» Work instructions
Could you print exactly the lines from the one that contains "HIDE & SKIN" to the end of the data, both ends included, and nothing else? Skip the pictures.

» Collected data
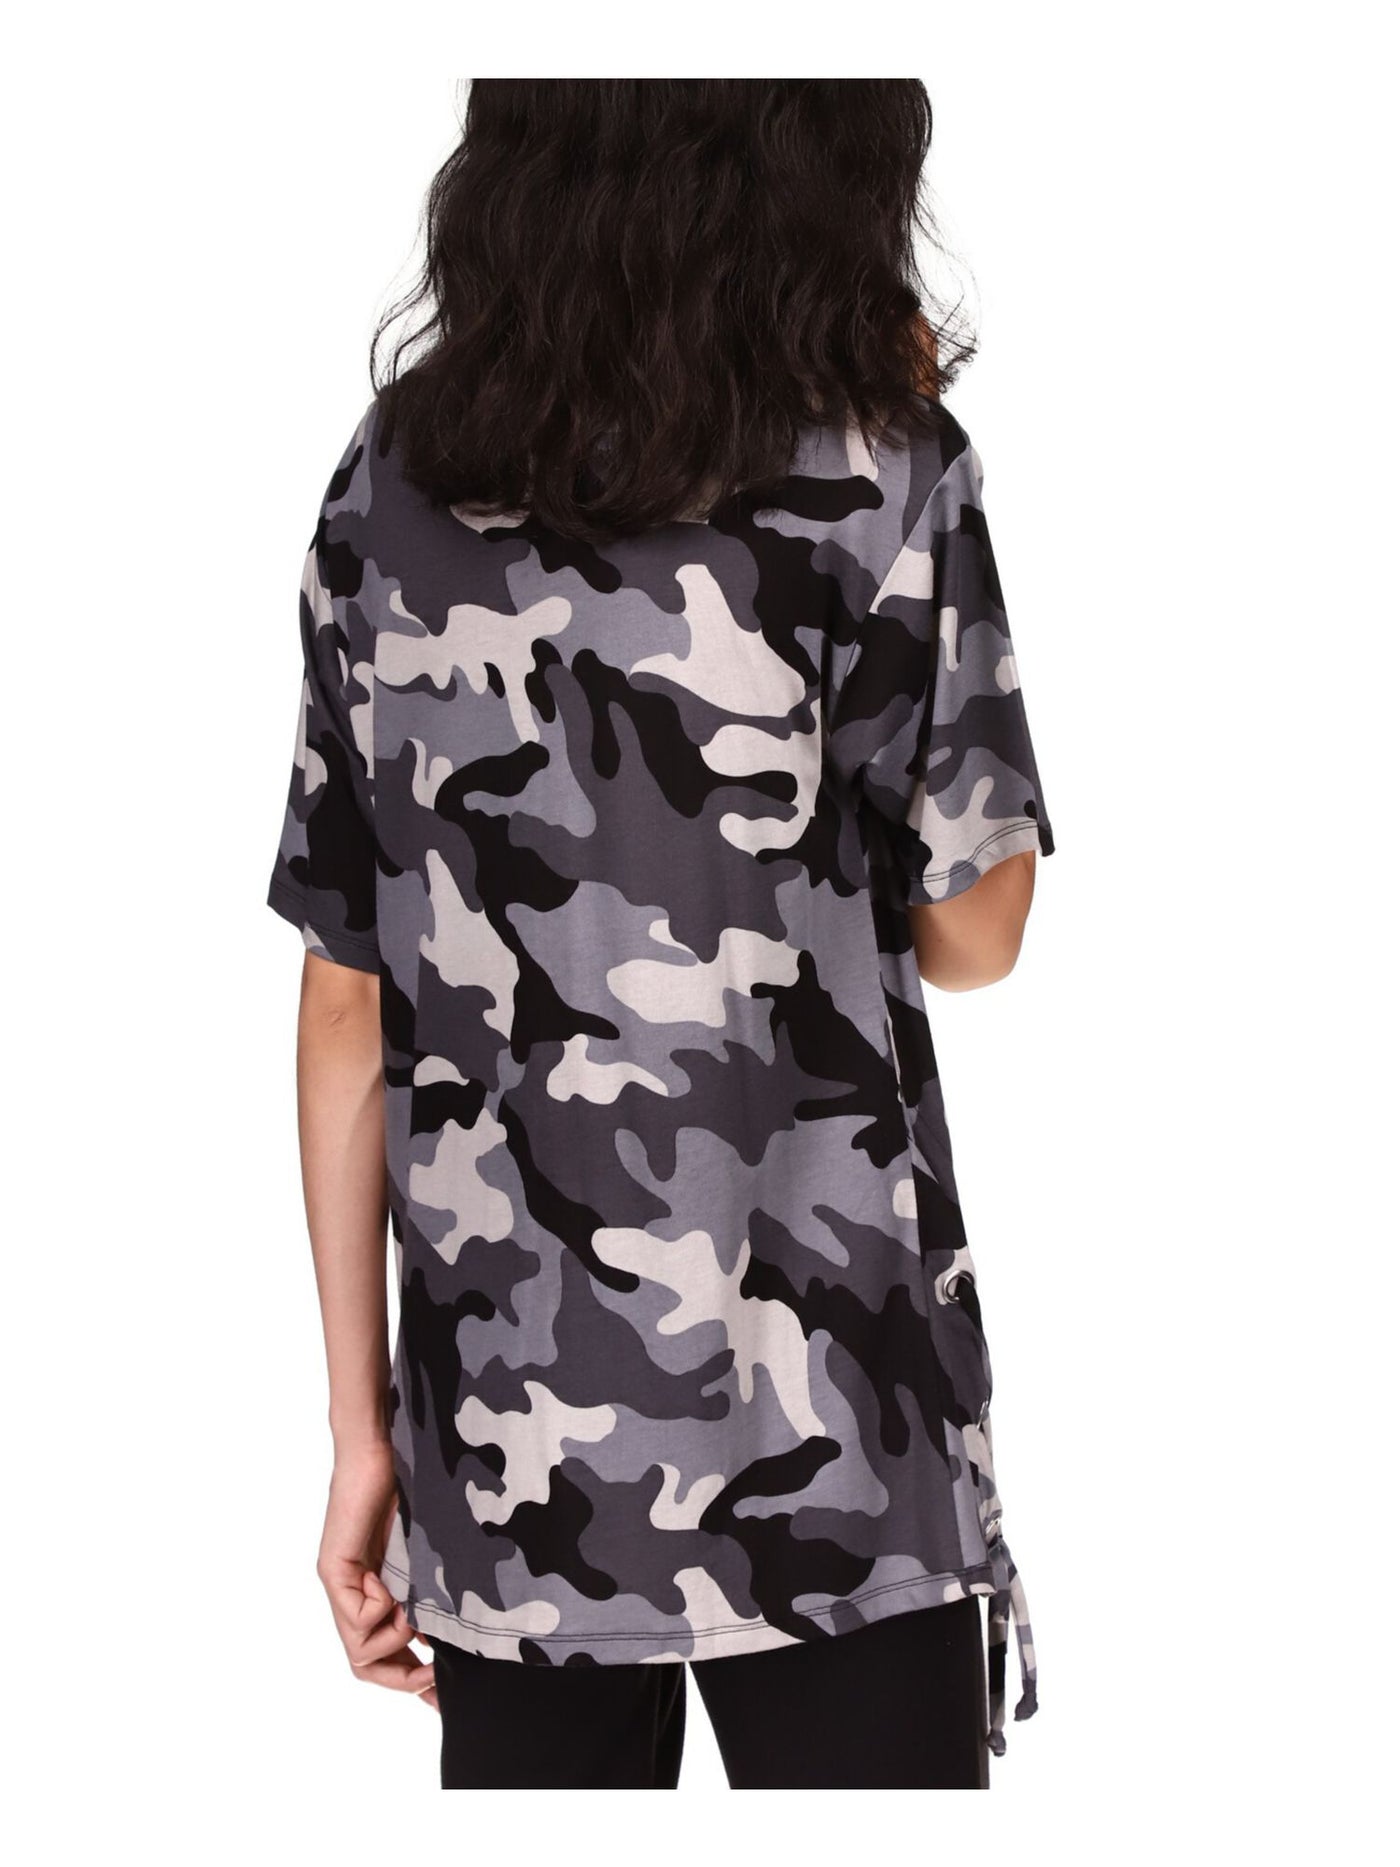 MICHAEL KORS Womens Gray Camouflage Elbow Sleeve Crew Neck Tunic Top L
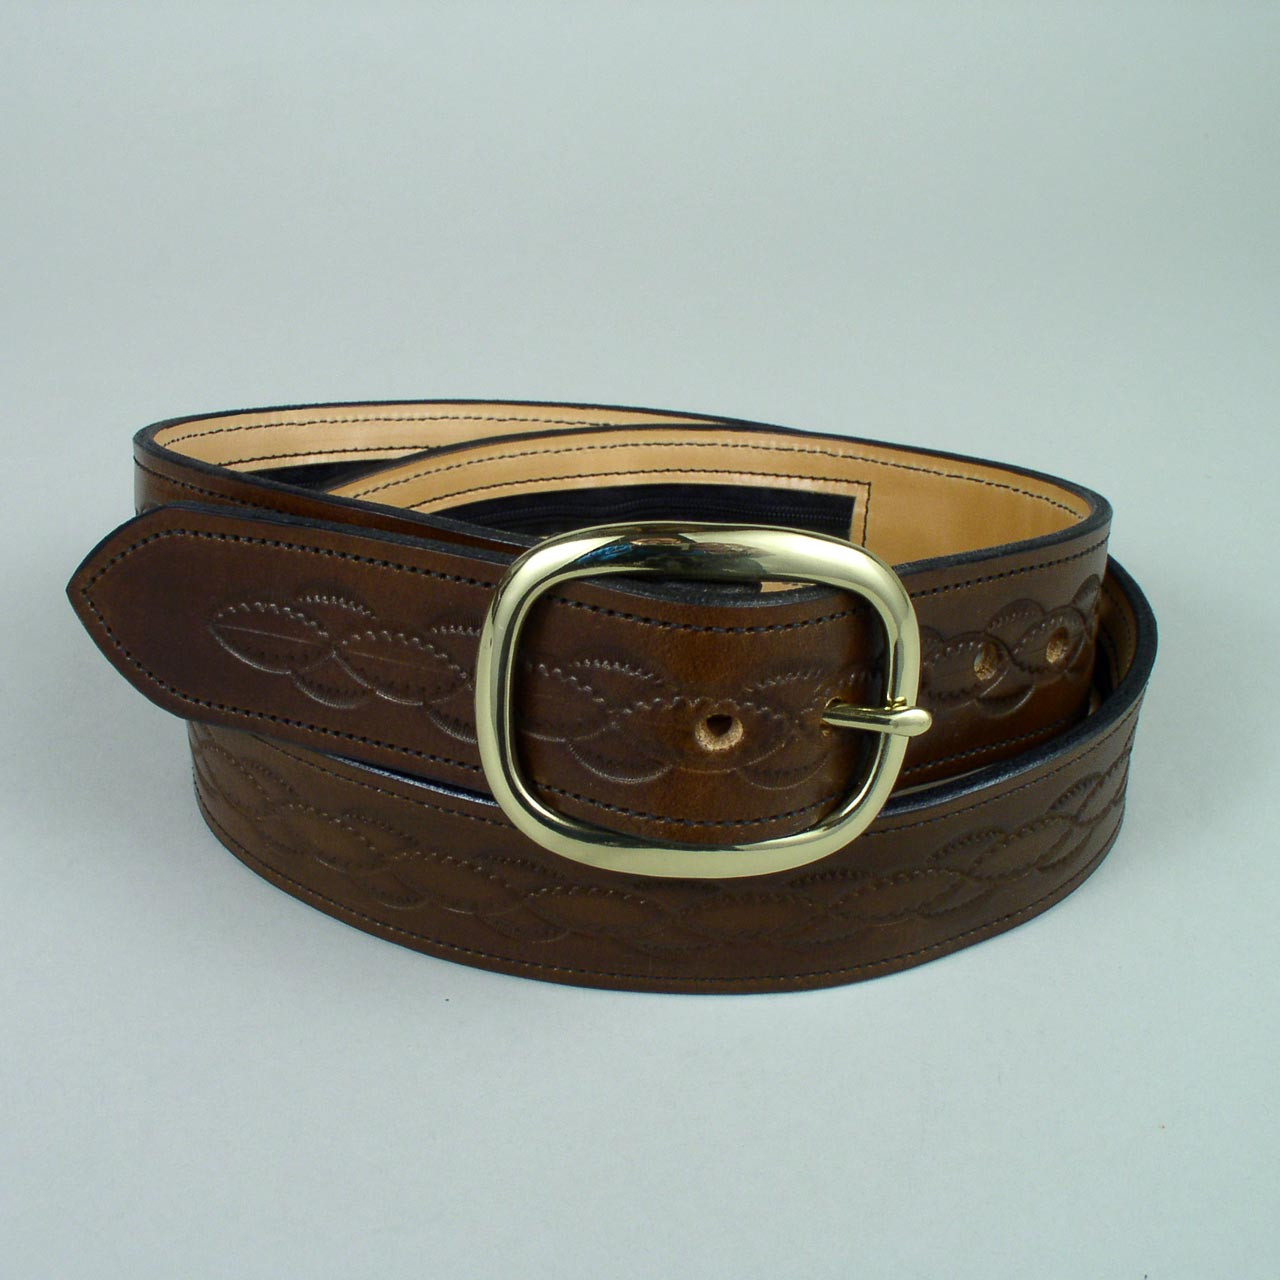 HIDE & SKIN Top Grain Genuine Leather Handmade, Cowboy Belt for Men, 46  inches length
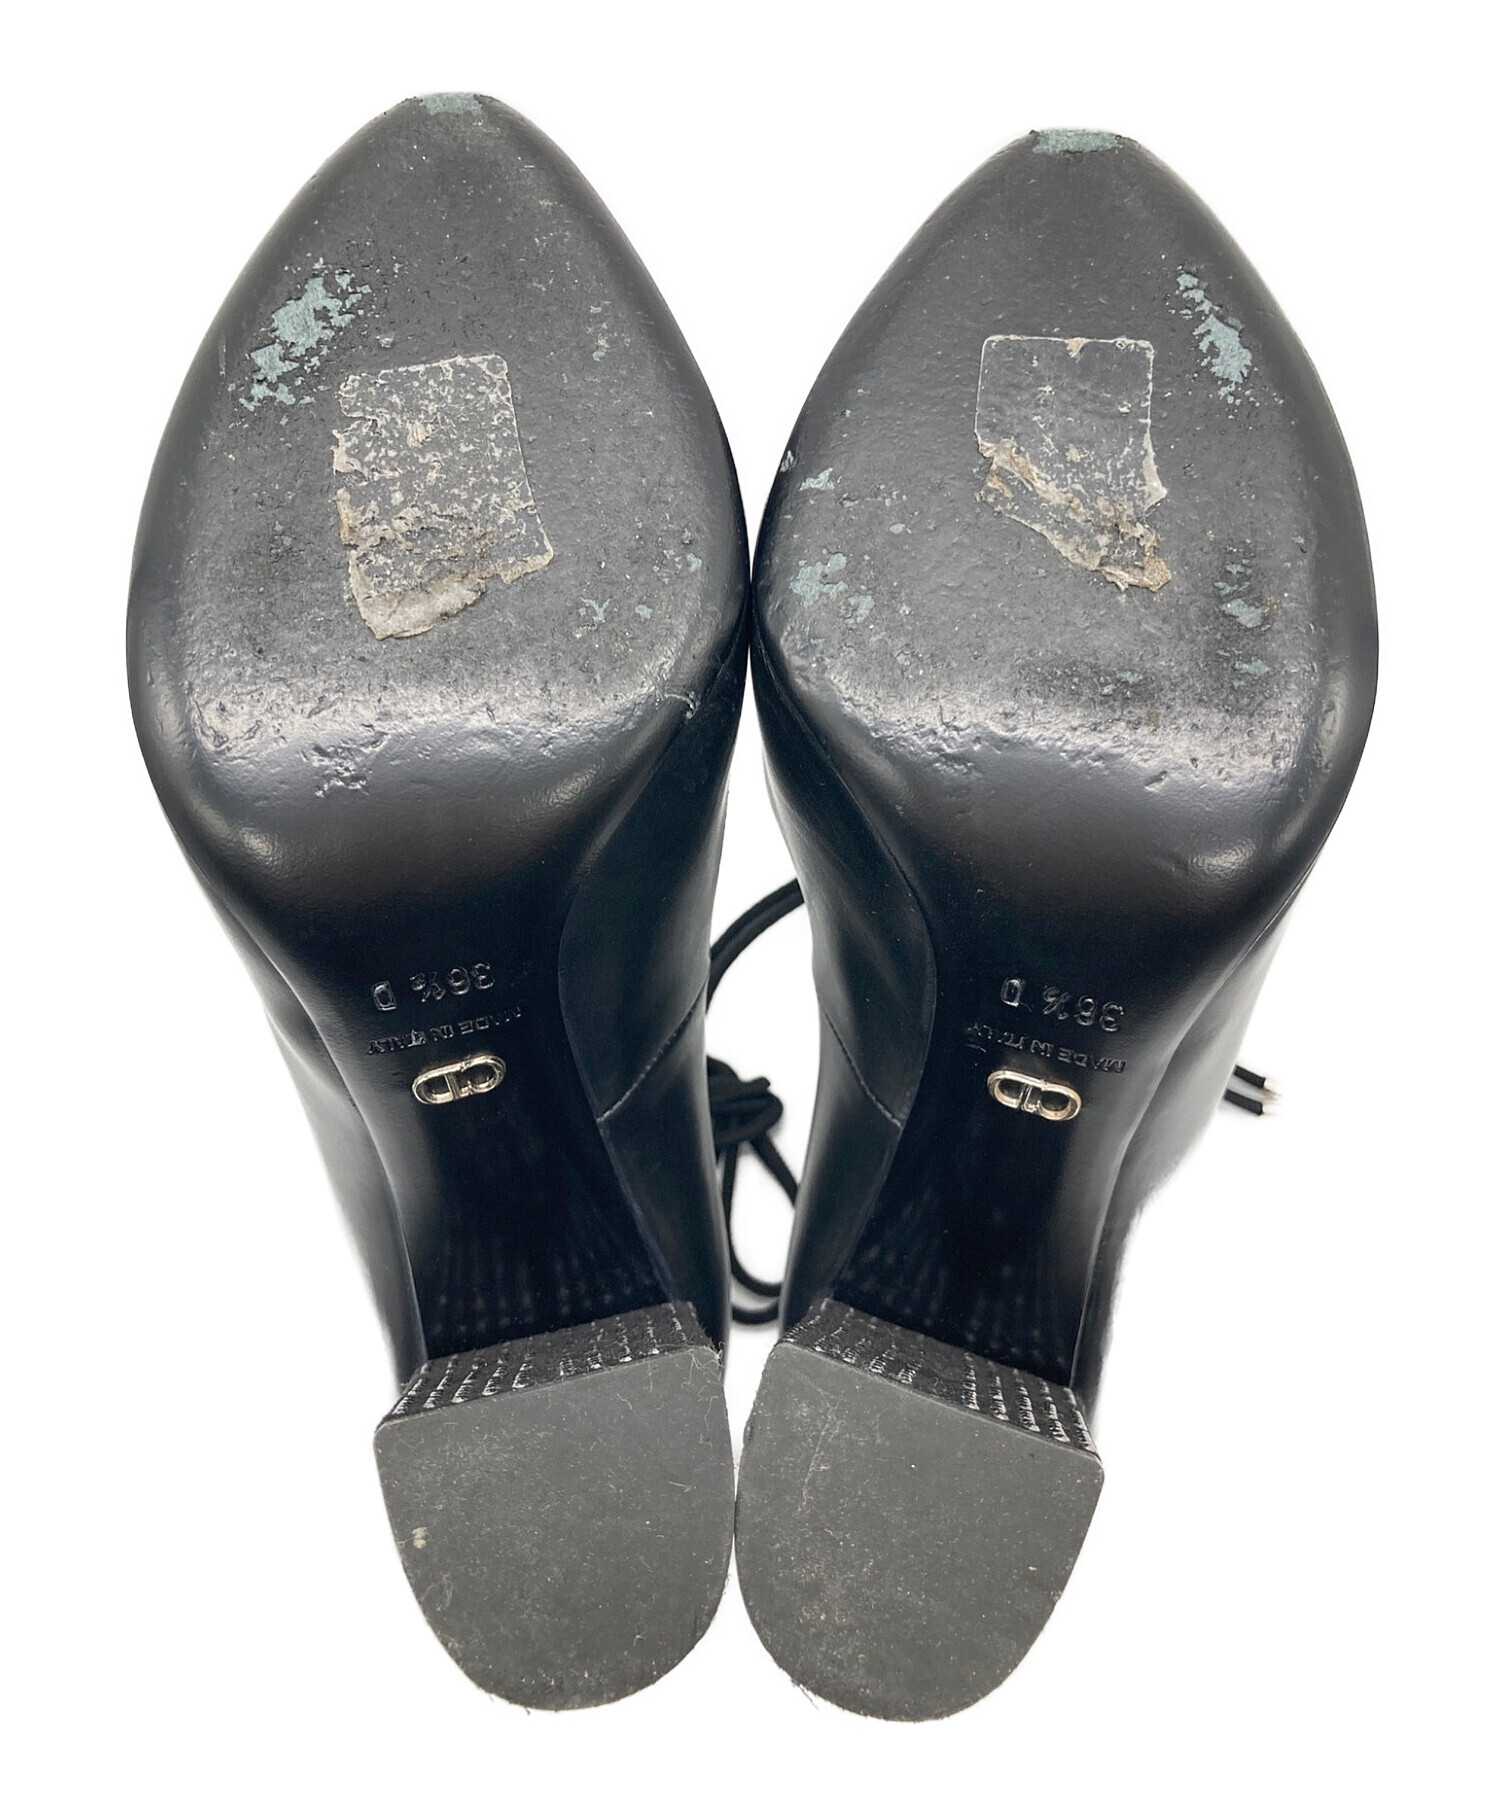 Christian Dior (クリスチャン ディオール) アンクルレースパンプス ブラック サイズ:36 1/2

» Response to this task
 HIDE & SKIN Top Grain Genuine Leather Handmade, Cowboy Belt for Men, 46  inches length
 Christian Dior (クリスチャン ディオール) アンクルレースパンプス ブラック サイズ:36 1/2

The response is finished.